= Pendragon Records =

American record label

Pendragon Records was a short-lived American industrial and electronic music record label that was founded in 1997 by Irish expatriate Colm O'Connor. The label was based out of Philadelphia, Pennsylvania. Pendragon released a total of 25 albums from artists based in the United States, Canada, and Germany. Notable bands signed to Pendragon included Haujobb, Gridlock, Velvet Acid Christ, and Xorcist.

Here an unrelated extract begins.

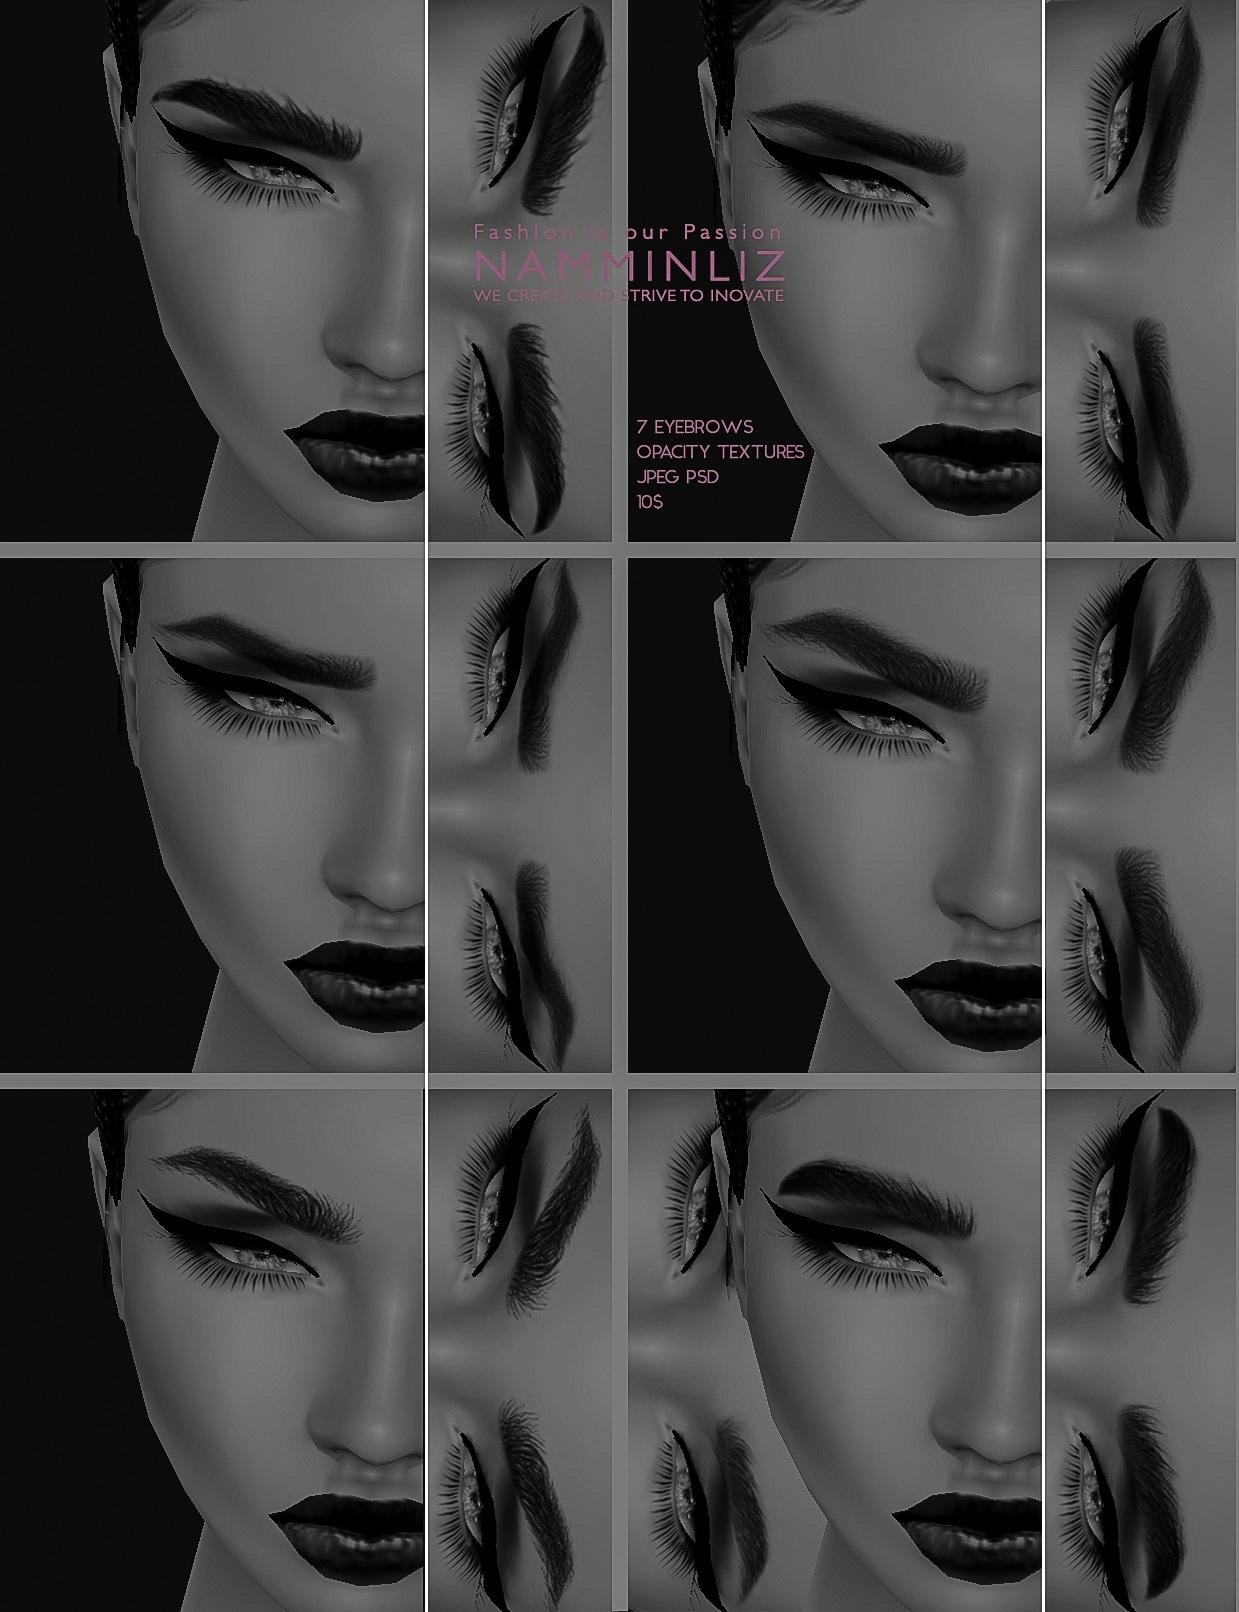 7 Eyebrows Opacity textures JPEG PSD

Its first release, PEN100, was Haujobb's Homes and Gardens. The label was bought out by Metropolis Records in 1999, shortly after it released Halo_Gen's self-titled album as PEN125. When Metropolis Records bought Pendragon, they continued to sell Pendragon's backstock. Some of the bands that had been signed to Pendragon, such as Haujobb and Imperative Reaction, continued to release music on Metropolis Records. Others, such as Gridlock, switched labels after the acquisition.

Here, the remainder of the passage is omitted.